Y es que, en cierto modo, la saga de Terramar está escrita a contrapelo de lo que se estila en la fantasía heroica. La acción que hay da la impresión de ser escasa (no lo es; hay la que la historia pide, ni más ni menos) y las cosas nunca parecen tener prisa en llegar a ningún sitio, pese a que llegan exactamente donde tienen que llegar y en el tiempo en que tienen que llegar.

Leí la primera novela, Un mago de Terramar, hace ya más de treinta años. La conocía de oídas: un amigo, aficionado como yo a Tolkien, me habló de ella en algún momento y, cuando vi el libro en la librería a la que solía acudir, lo compré sin pensármelo demasiado. Había leído ya alguna cosilla de la autora (seguramente El mundo de Rockannon y puede que “El nombre del mundo es bosque”, aunque estoy casi seguro de que aún no La mano izquierda de la oscuridad) y me había gustado lo suficiente para que, junto con el hecho de que fuese una obra escrita a la estela de El señor de los Anillos, me decidiera a leerla.
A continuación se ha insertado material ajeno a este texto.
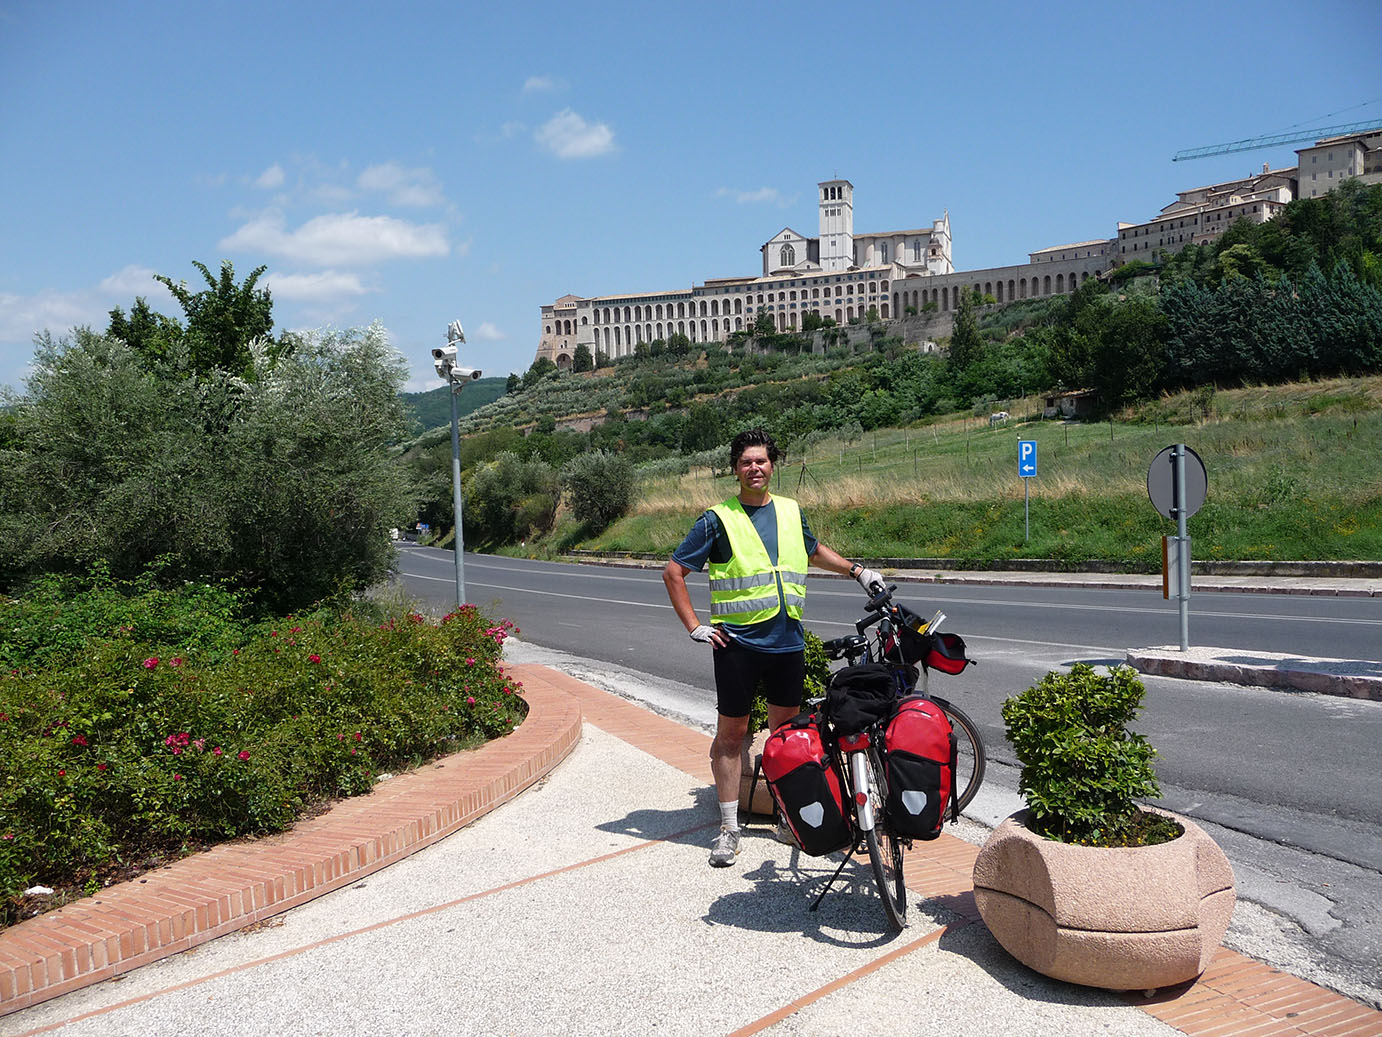 Juli 2009: Mit dem Fahrrad von St. Ingbert nach Rom. Zwischenstopp in Assisi

No tardé mucho: uno o dos días a lo sumo, y confieso que no me dejó muy impresionado. Sí, estaba bien, la historia era sencilla pero estaba bien llevada (tardaría años en darme cuenta de la tremenda elegancia, sencillez y delicadeza con la que Le Guin narraba; torpe que es uno) y se leía sin dificultades: empezabas y, antes de darte cuenta, ya habías terminado. Pero sin duda carecía del hondo aliento épico de mi obra favorita de fantasía por aquel entonces y no tenía ni de lejos aquella sensación de cosa trabajadísima a través de años incontables, de universo tan detallado y coherente como el real, que yo percibía en la Tierra Media.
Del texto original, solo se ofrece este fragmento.